Suppose that given of the URLs (http://mychaseonline.chase.com, http://chaseonline.chase.ua, http://chaseonline.chase.ru, etc.) is "free" (not bought). I buy one of these free URLs, write my phishing/spoofing server that sits behind
my URL and renders the following screen => https://chaseonline.chase.com/
I work to get my URL indexed (hopefully) at least as high or higher than the real one (http://chaseonline.chase.com). Chance is (hopefully) most bank clients/users won't notice my bogus URLs and I start collecting . I then use my server as a client in relationship to the real bank server http://chaseonline.chase.com, log in and using my collection/list of <user id, password> tuples to login to each <user id, password> to create mischief.

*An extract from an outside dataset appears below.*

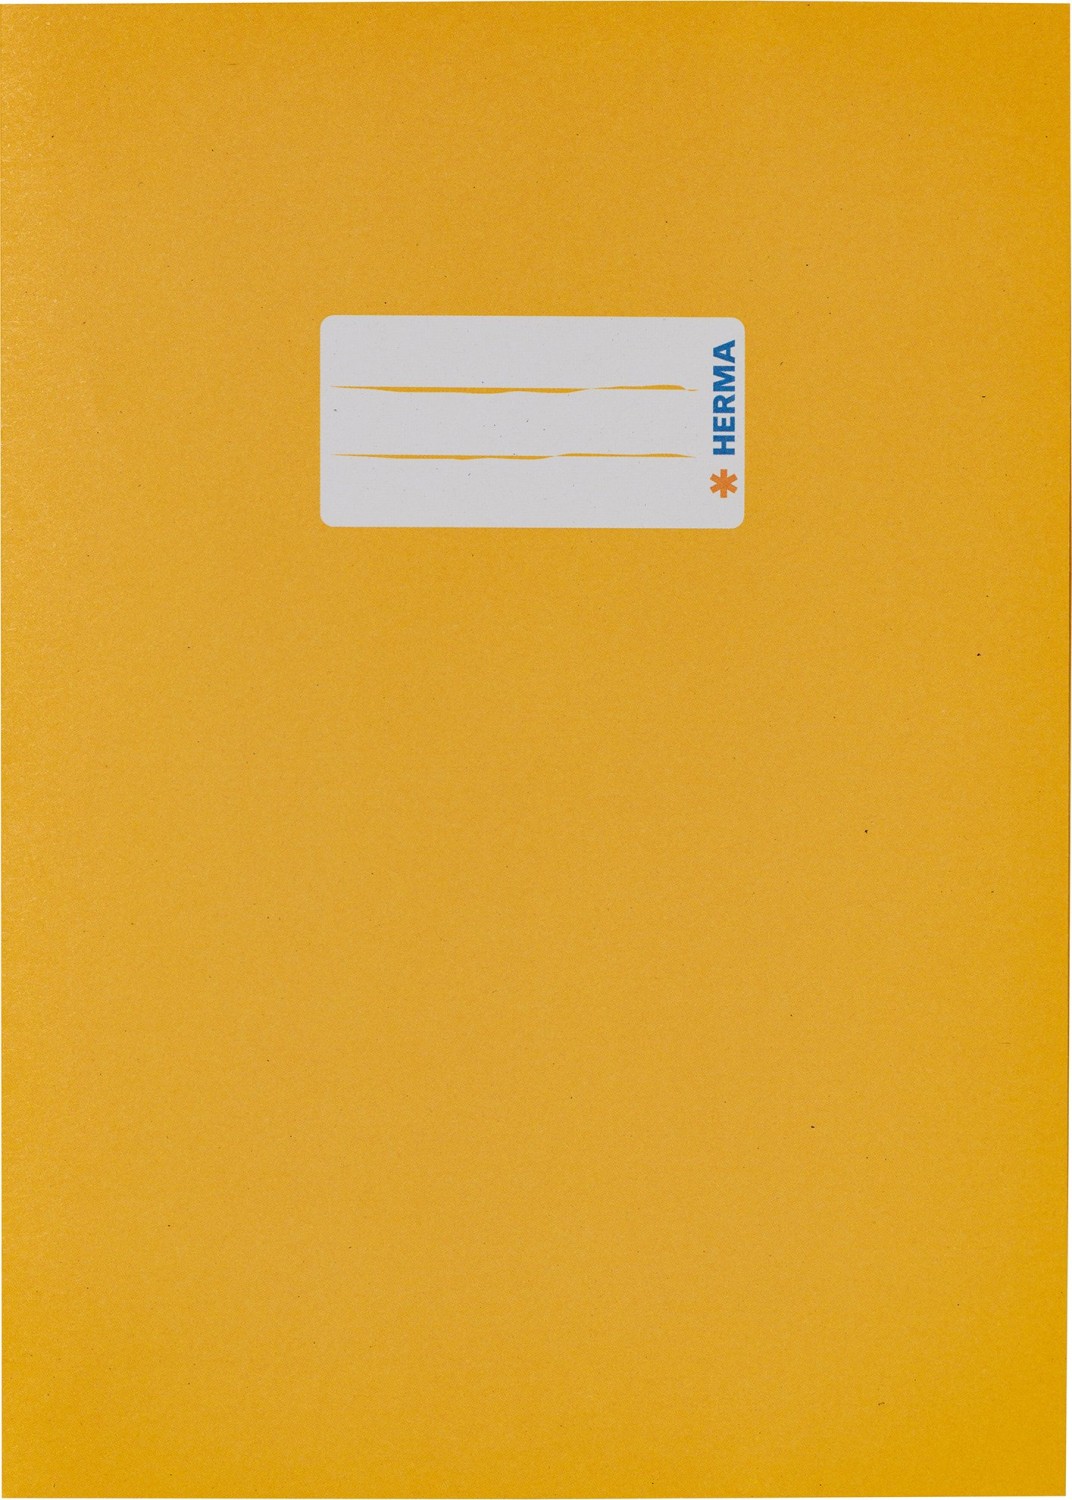 HERMA Heftschoner Recycling, DIN A5, aus Papier, gelb mit Beschriftungsetikett, 100 % Altpapier - 10 Stück (5511)

Is this a cross-site request forgery? How would one prevent this from occurring?
What I'm hearing in your description is a phishing attack albeit with slightly more complexity. Let's address some of this points
2) Really hard to get all the urls, especially when you take into consideration different variations such as unicode, or even just simple kerning hacks. For example the R and N in kerning looks a lot like an m when you look quickly. Welcome to chаse.rnobile.com! So with that said, I'd guess that most companies just buy the obvious domains.

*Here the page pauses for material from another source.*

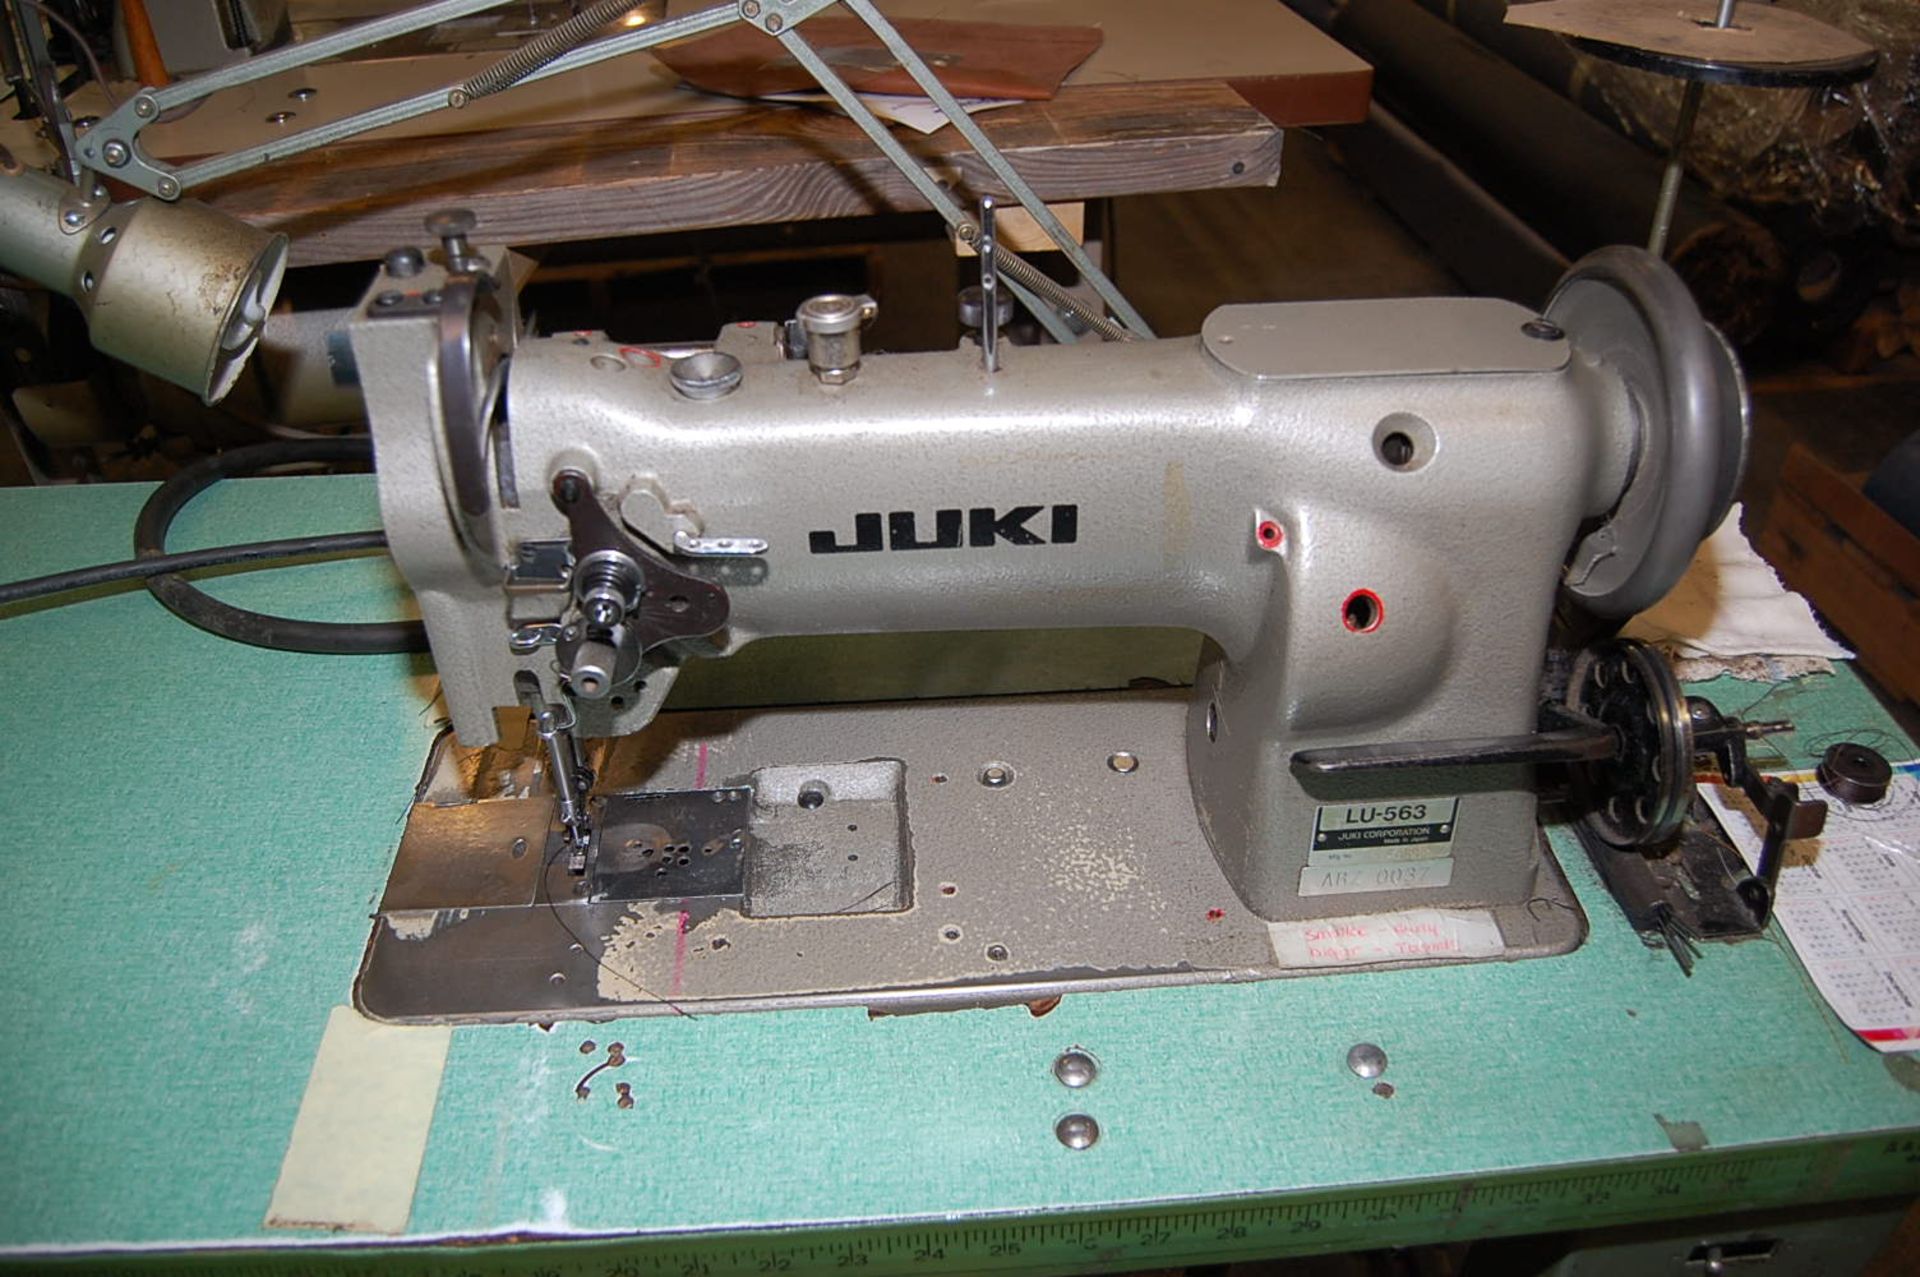 Juki Type #LU-563 Sewing Machine Mounted on Bench, SNS48899 - Image 2 of 2

4) Getting your url indexed higher than the real one, I'll posit is impossible. Google et al. are likely sophisticated enough to catch that type of thing from happening. One approach to getting above chase in SERP would be to buy adwords for something like "Bank Online With Chase." But there again, I'd assume that the search engines have a decent filtering/fraud prevention mechanism to catch this type of thing.

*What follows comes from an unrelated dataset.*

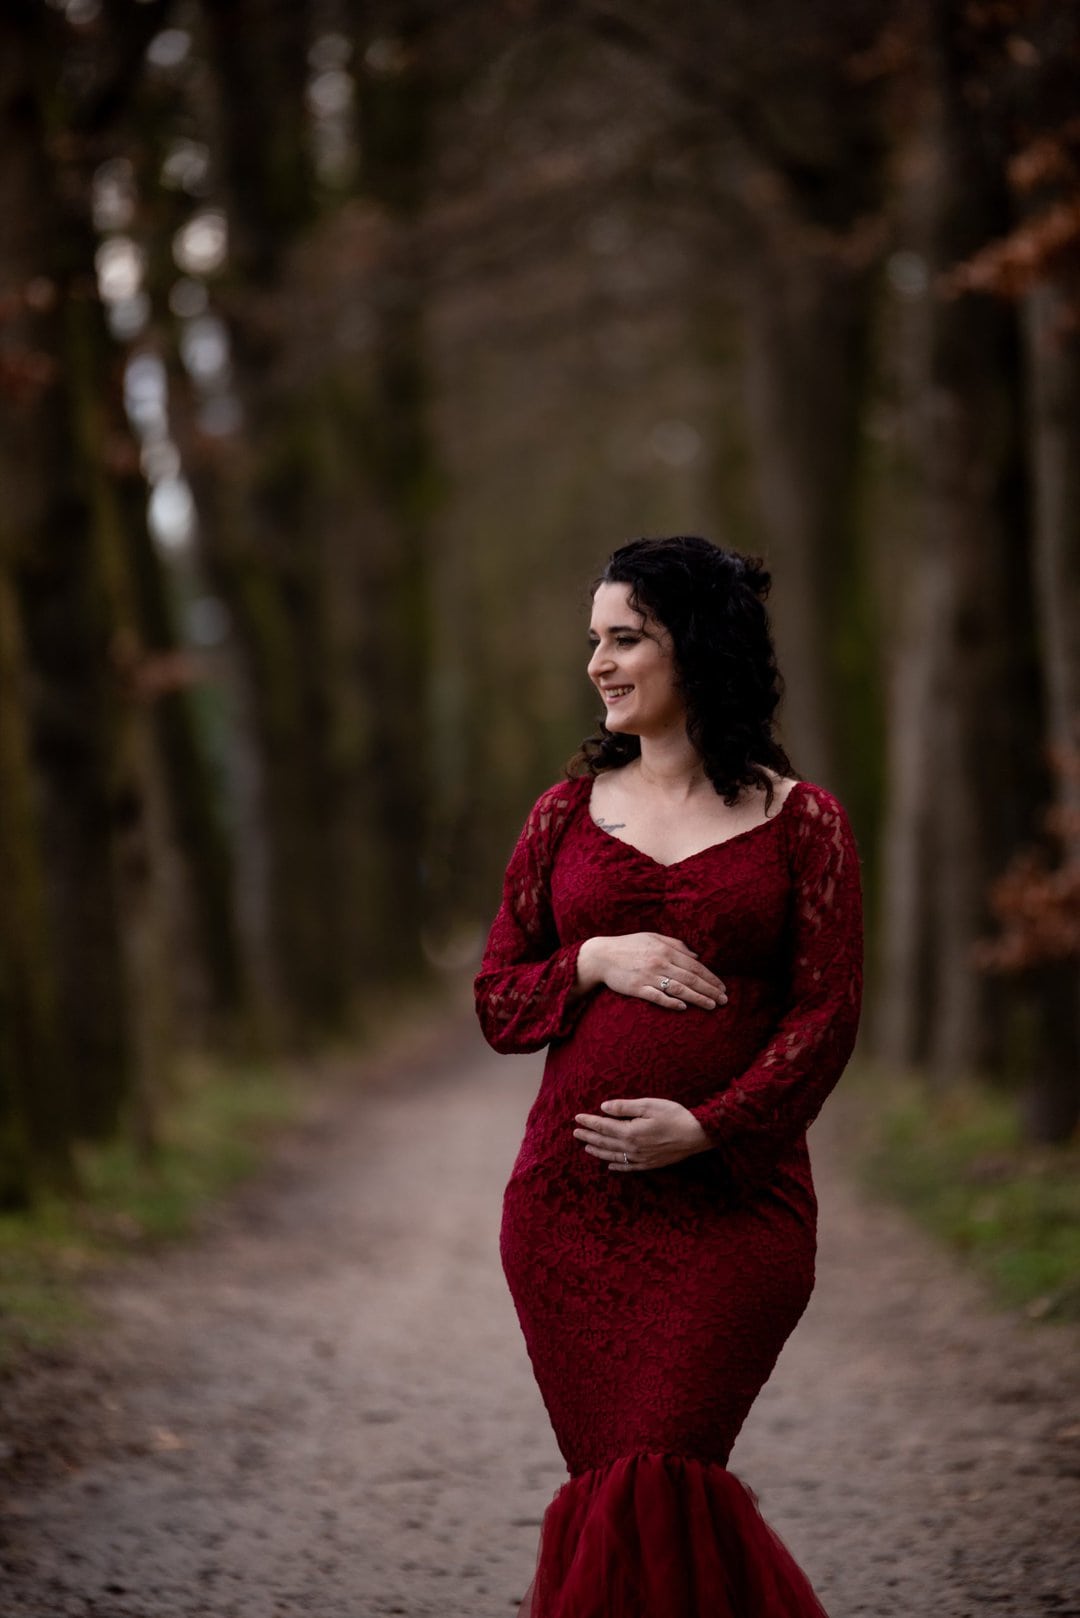 zwangerschap fotoshoot buiten amersfoort woudenberg

Mostly you'd be better off to keep your server from being indexed since that would simply attract attention. Because this type of thing will be shut down, I presume most phishing attacks go for large numbers of small 'fish' (larger ROI) or small numbers of large 'fish' (think targeted phishing attacks of execs, bank employees, etc.)
I think you offer up an interesting idea in point 4, that there's nothing to stop a man-in-the-middle attack from occurring wherein your site delegates out to the target site for each request. The difficulty in that approach is that you'd spend a ton of resources on creating a replica website. When you think of most hacking as being a business, trying to maximize your ROI then a lot of the "this is what I'd do if I were a hacker" ideas go way.
If I were to do this type of thing, I'd provide a login facade, have the user provide me their credentials, and then redirect to the main site on POST to my server. This way I get your credentials and you think there's just been an error on the form. I'm then free to pull all the information off of your banking site at my leisure.
There's nothing cross-site about this. It's a simple forgery.
It fails for a number of reasons: lack of security (your site isn't HTTPS), malware protection vendors explicitly check against this kind of abuse, Google won't rank your forgery above highly popular sites, and finally banks with a real sense of security use 2 Factor Authentication. The login token you'd get for my bank account is valid for a few seconds, literally, and can't be used for anything but logging in.
I recently tried to use the default settings, this is:
5 - max number of concurrent occurances
-20 max number of requests in 200 milliseconds.
However, this started cutting of my personal connections to the website (loading javascript, css etc.). I need something that will never fire for users using the site honestly, but I do want to prevent denial of service attacks.
What are good limits to set?
I don't think that there is a good generic limit that will fit for all websites, it is personal for each website. It depends on RPS, requests execution time etc.
I suggest you to modify IIS logger and log IP of each request. Then view IIS logs to see what is the pattern of the traffic for users, how many requests they do within a normal flow. It should let you approximate average amount of requests coming from user in a selected time frame.
However in my experience 20 requests without 200 milliseconds usually looks like an attack. In this way default settings provided by IIS seem reasonable.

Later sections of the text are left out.